Repository files navigation

boost_unordered

GitHub

This project is a standalone version of the boost::unordered library. boost::unordered_flat{map,set} are some of the fastest and highest quality C++ hashmap implementations out there (major props to the authors), but unfortunately they come with the entire rest of boost as baggage if you want to use them. This repository extracts them and snips out the links to the rest of boost so that you can use just the hashmaps.

Benefits

First and foremost, if you don't otherwise need boost in your project then this will let you avoid taking a dependency on all of boost, which is absolutely gigantic (something like 750MB of sources alone). This may not matter to you if you already have boost installed on your system, but you do need a relatively recent version to get the flat hashmaps and if you are a library you may not want to introduce a transitive dependency on boost to all of your users.

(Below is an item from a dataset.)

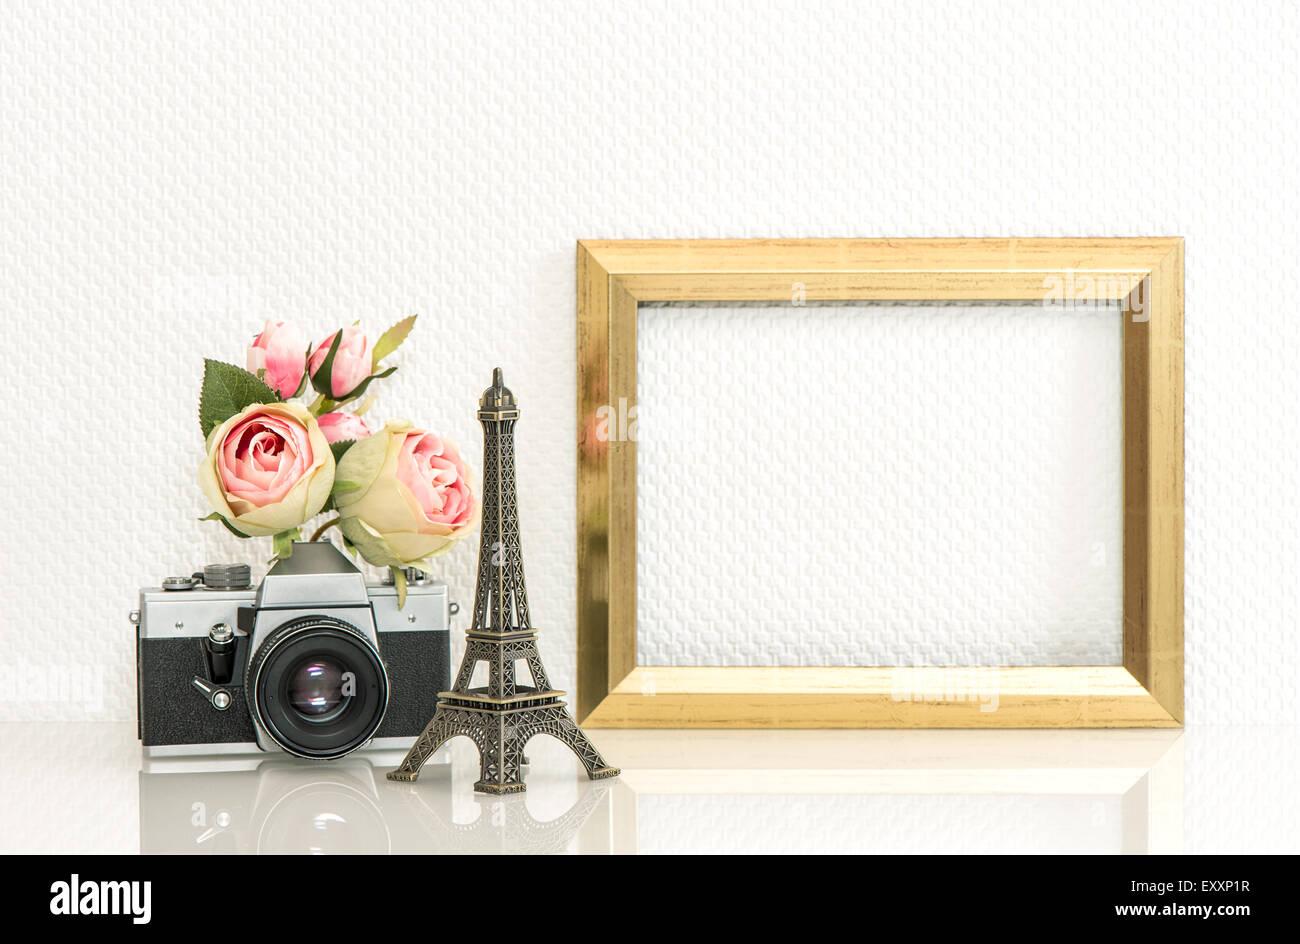 Goldene Bilderrahmen, Rosenblüten und kein Name-Vintage-Kamera ...

Even more importantly, the unordered headers pull in a giant tree of other header files from the rest of boost, which has a direct impact on compilation times. Building this simple program:

#include <boost/unordered/unordered_flat_map.hpp>
int main() {
}

We can see that (on my system) we pull in 275 boost header files:

> g++-12 -std=c++20 -O2 main.cpp -M | sed 's/\\$//' | awk '{ for (i=1; i<=NF; i++) print $i }' | grep boost | wc -l
275

which are 31424 lines in total:

> g++-12 -std=c++20 -O2 main.cpp -M | sed 's/\\$//' | awk '{ for (i=1; i<=NF; i++) print $i }' | grep boost | xargs wc -l
...
  31424 total

Using the standalone version:

> g++-12 -std=c++20 -O2 -I ~/boost_unordered/include main.cpp -M | sed 's/\\$//' | awk '{ for (i=1; i<=NF; i++) print $i }' | grep boost | wc -l
26
> g++-12 -std=c++20 -O2 -I ~/boost_unordered/include main.cpp -M | sed 's/\\$//' | awk '{ for (i=1; i<=NF; i++) print $i }' | grep boost | xargs wc -l
...
  6322 total

So we've chopped out 249 files and 25102 lines of code from each translation unit that includes unordered_flat_map. The compilation speedup on my machine for this toy example is about 10%, though your mileage may vary.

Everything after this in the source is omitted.